A Shift in Paradigms and Formality: The Way Forward
Conversely, Suga has been making rounds to several Southeast Asian nations, like Vietnam and Indonesia, to show support for the region and to give suitable alternatives in the absence of U.S. support during the rise of China’s influence. No country in Southeast Asia desires to choose sides between the U.S. and China, but all have key interests in allowing more room to create closer economic ties with Japan and the U.S. With Suga taking the time to visit these countries, he is solidifying Japanese commitment to the region—and Biden should follow suit.
Therefore, as both countries enter into a time of transition, one question remains ever-present: should Biden maintain close ties to Japan? The U.S. and Japan have vital national interests in maintaining closer relations in the coming years and, even with a transitioning government, their shared values and common interests remain the same. As China continues to play outside the rules of the international system to secure their seat as a regional hegemon, global tensions will continue to mount. International issues that have been neglected by the Trump administration will also grow in scope and scale. Thus, we expect the Biden administration to revitalize multilateral foreign policy by working with allies like Japan.
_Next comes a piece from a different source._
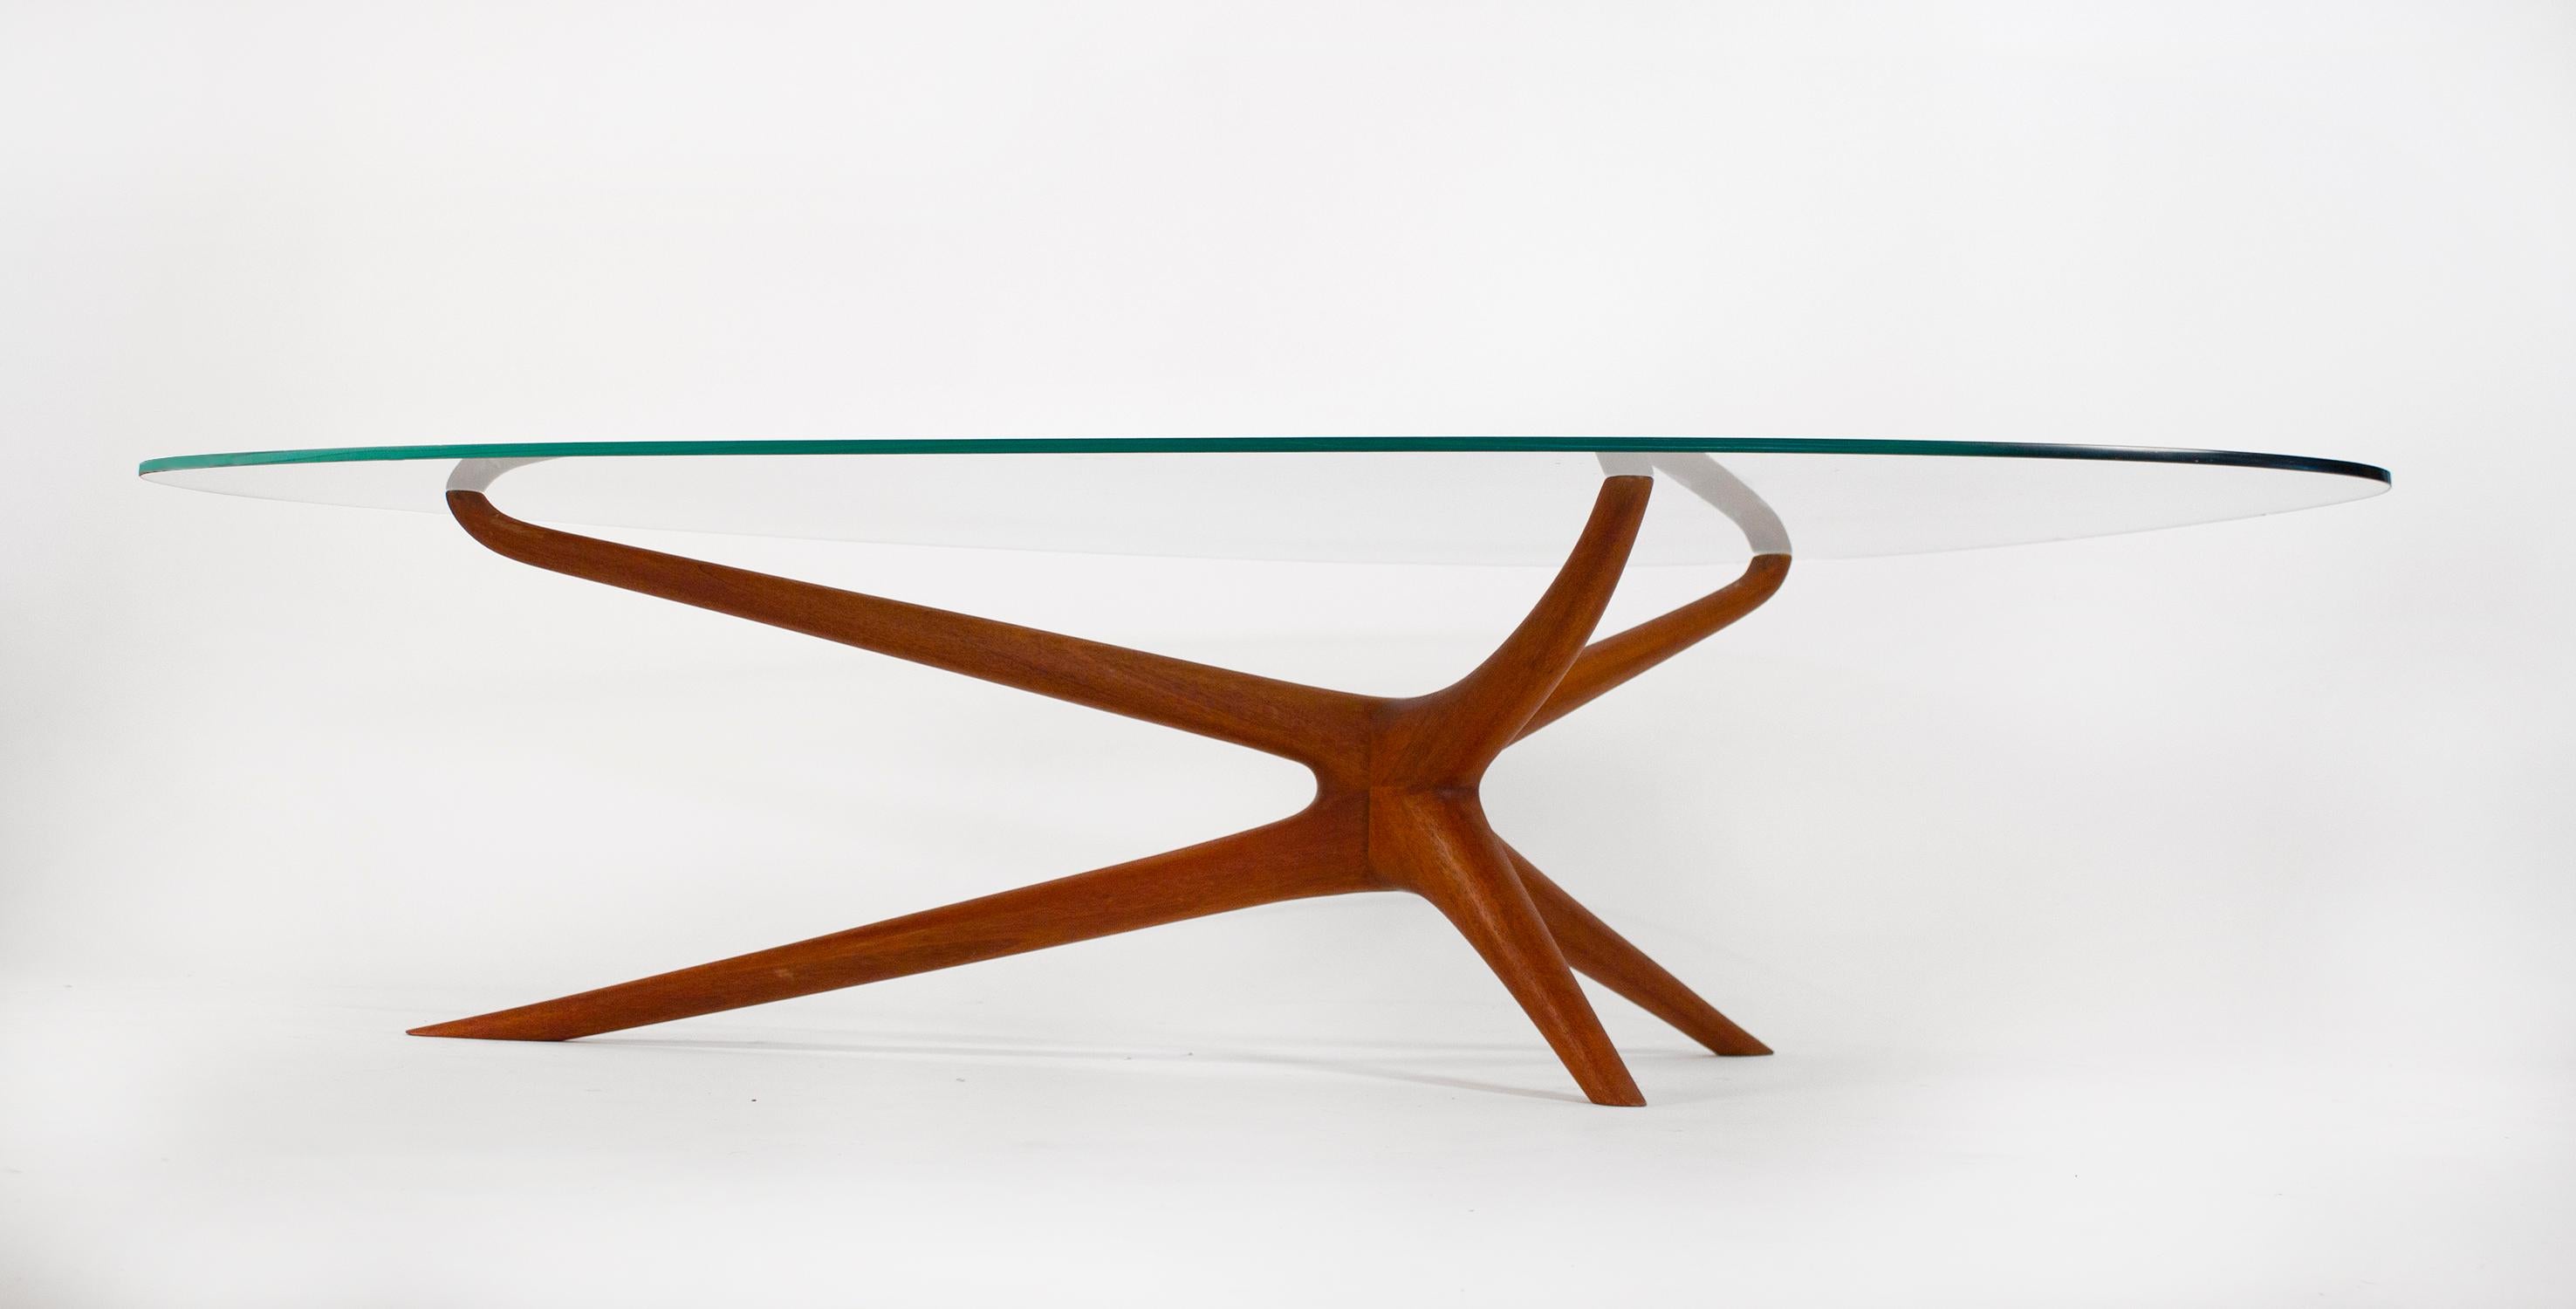 North American Mid-Century Modern Tri-Symmetric Organic Coffee Table in Mahogany with Glass Top For Sale

By working with such allies, the U.S. can take actions against perceived threats, like China. Both countries will need to counterbalance against the power vacuum created by Trump, and Biden will need to prioritize allied relationships in order to strengthen their credibility to compete with China. Biden will be tasked with showing U.S. allies that the country is committed to the region, just as Japan has. Pulling smaller nations out of the Chinese sphere of influence, with the help of Japan, will be critical in the coming years of the Biden Administration. While one cannot expect another “bromance” to blossom like it did between Abe and Trump, the international community can assume that Biden and Suga will work closely together to secure the future of U.S.-Japan relations.
Kassi Bourne is a second-year M.A. candidate at the School of Diplomacy and International Relations who specializes in Asia Studies, Global Negotiation and Conflict Management. Kassi works as an Associate Editor for the Journal of Diplomacy and International Relations and is a teaching assistant for Dr. Zheng Wang in his undergraduate course on Cross-Cultural Negotiation. Originally hailing from Texas and Kentucky, she moved to New Jersey to pursue her masters degree after spending several years teaching in Japan and attending Gifu University. Kassi is proficient in Japanese, and received her bachelors degree from Northern Kentucky University in 2016. She is also a member of the Sigma Iota Rho honors society. Kassi is an aspiring Asian policy specialist who wishes to venture into public diplomacy following graduation.